I inserted the server into the chassis and pressed the power button, but nothing happened.
iDRAC6 requires upto 2 minutes to initialize before the server can power up.
Check CMC power budget. The chassis power budget may have exceeded.
I have forgotten iDRAC6 administrative user name and password.
You must restore iDRAC6 to its default settings.
Reboot the server and press <Ctrl><E> when prompted to enter iDRAC6 Configuration Utility.
On iDRAC6 Configuration Utility menu, highlight Reset to Default and press <Enter>.
NOTE: You can also reset iDRAC6 from local RACADM by issuing racadm racresetcfg.
How can I change the name of the slot for my server?
Log in to CMC Web interface.
Open the Chassis tree and click Servers.
Click the Setup tab.
Enter the new name for the slot in the row for your server.
Click Apply.
When starting a console redirection session from iDRAC6 Web interface, an ActiveX security popup appears.

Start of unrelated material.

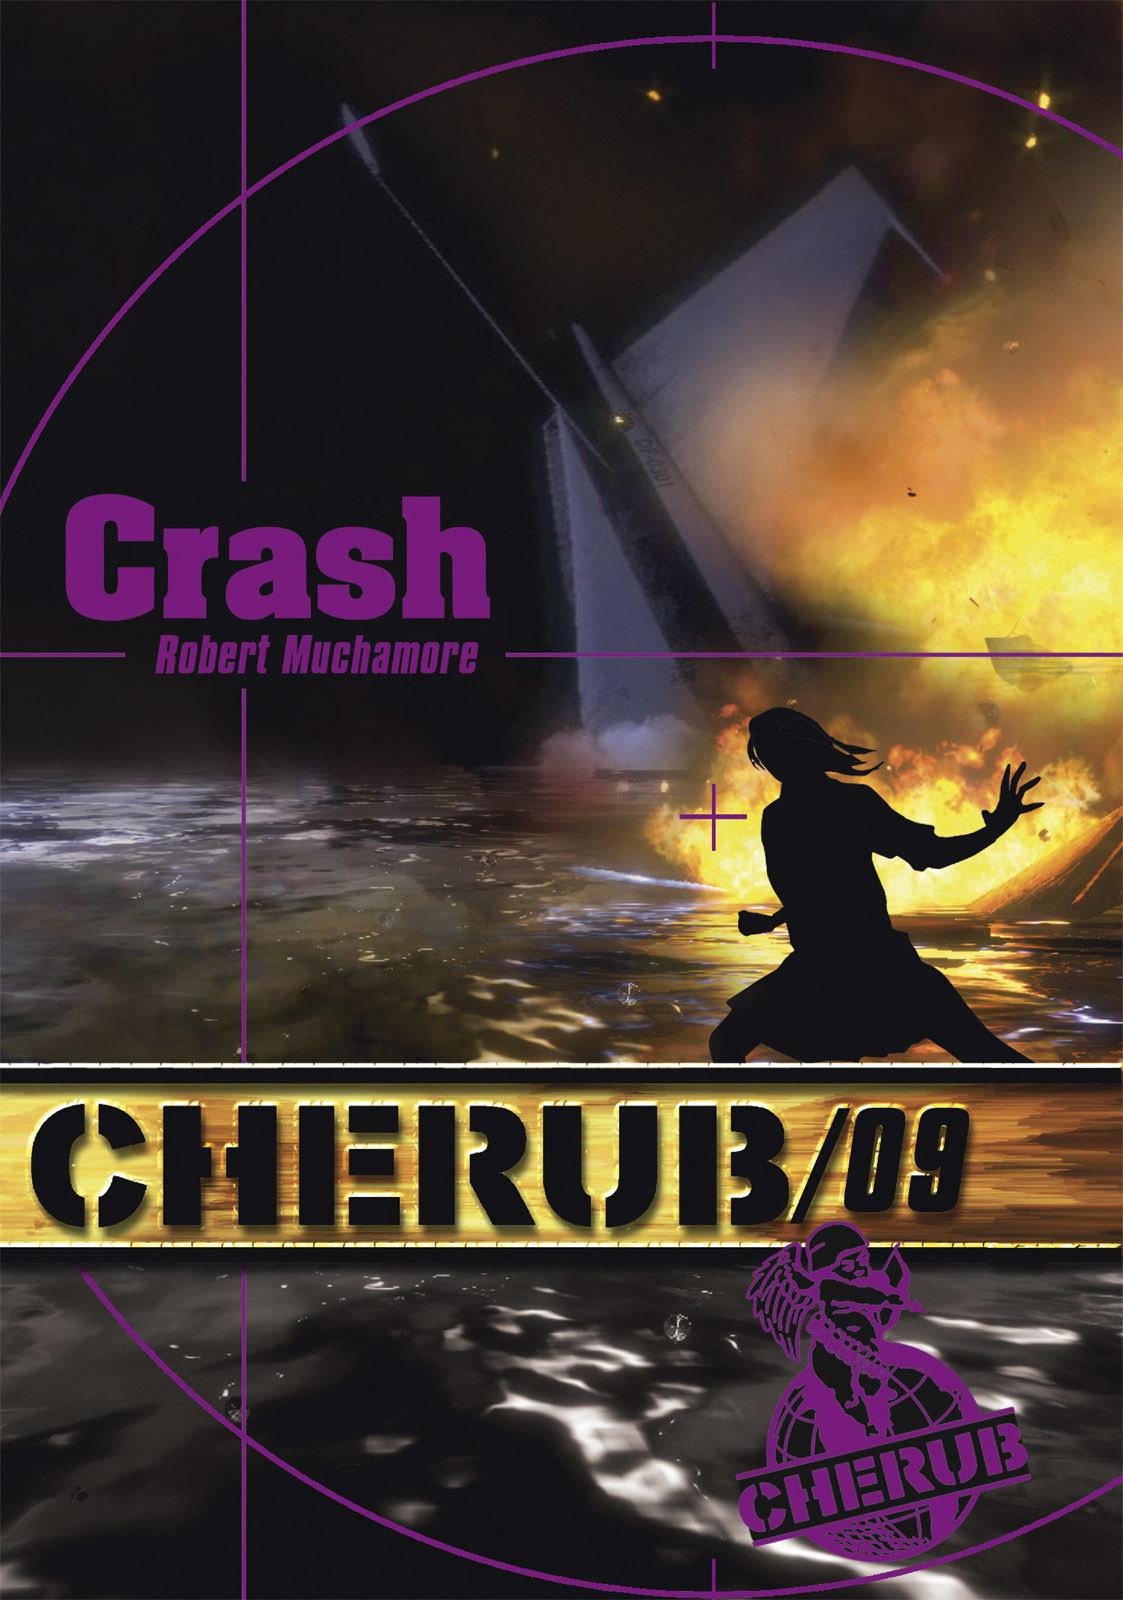 Cherub (Mission 9) - Crash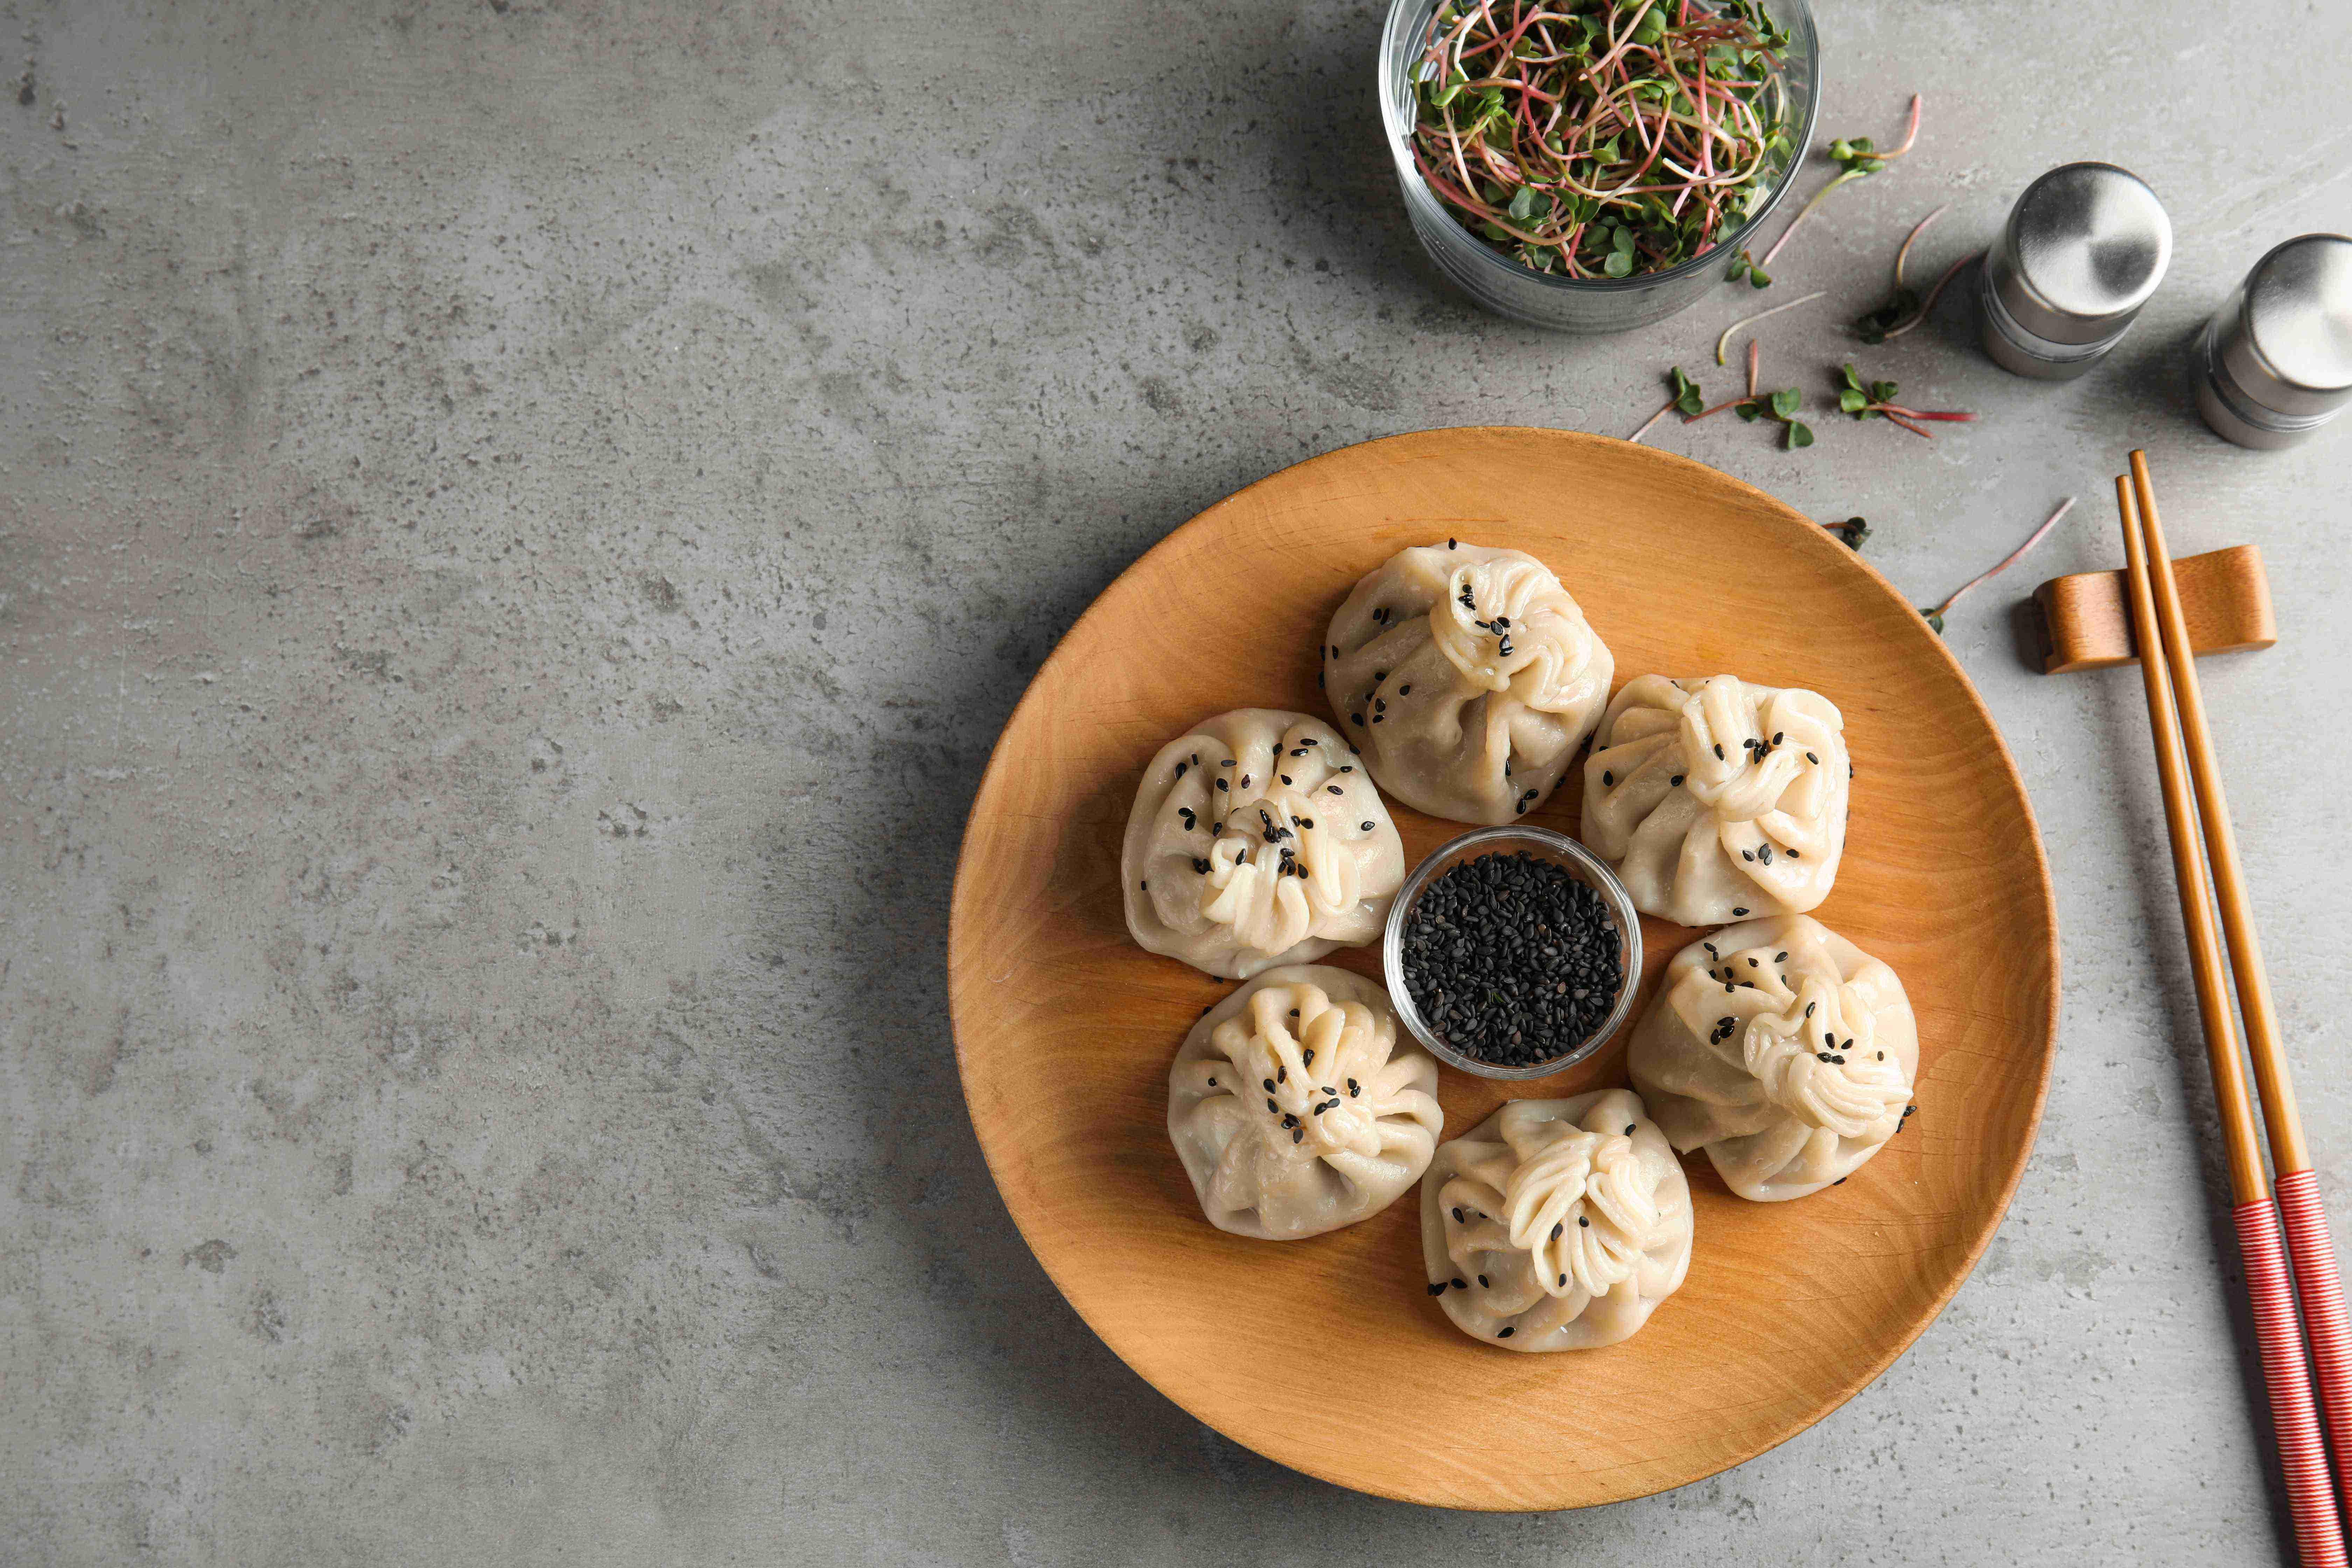 Esplode il food trend per Bao e Ravioli

iDRAC6 may not be a trusted site. To prevent the security popup from appearing every time you begin a console redirection session, add iDRAC6 to the trusted site list in the client browser:
Click Tools® Internet Options® Security® Trusted sites.
Click Sites and enter the IP address or the DNS name of iDRAC6.
Click Add.
Click Custom Level.
In the Security Settings window, select Prompt under Download unsigned ActiveX Controls.
When I start a console redirection session, the viewer screen is blank.
If you have Virtual Media privilege but not Console Redirection privilege, you are able to start the viewer so that you can access the virtual media feature, but the managed server's console will not display.
iDRAC6 is not responding during boot.
Remove and reinsert the server.
Check CMC Web interface to see if iDRAC6 appears as an upgradable component. If it does, follow the instructions in "Updating iDRAC6 Firmware Using CMC."
If this does not correct the problem, contact technical support.
When attempting to boot the managed server, the power indicator is green, but there is no POST or no video at all.
This can happen if any of the following conditions is true:
Memory is not installed or is inaccessible.
The CPU is not installed or is inaccessible.
The video riser card is missing or improperly connected.
Also, look for error messages in iDRAC6 log from iDRAC6 Web interface or from the LCD.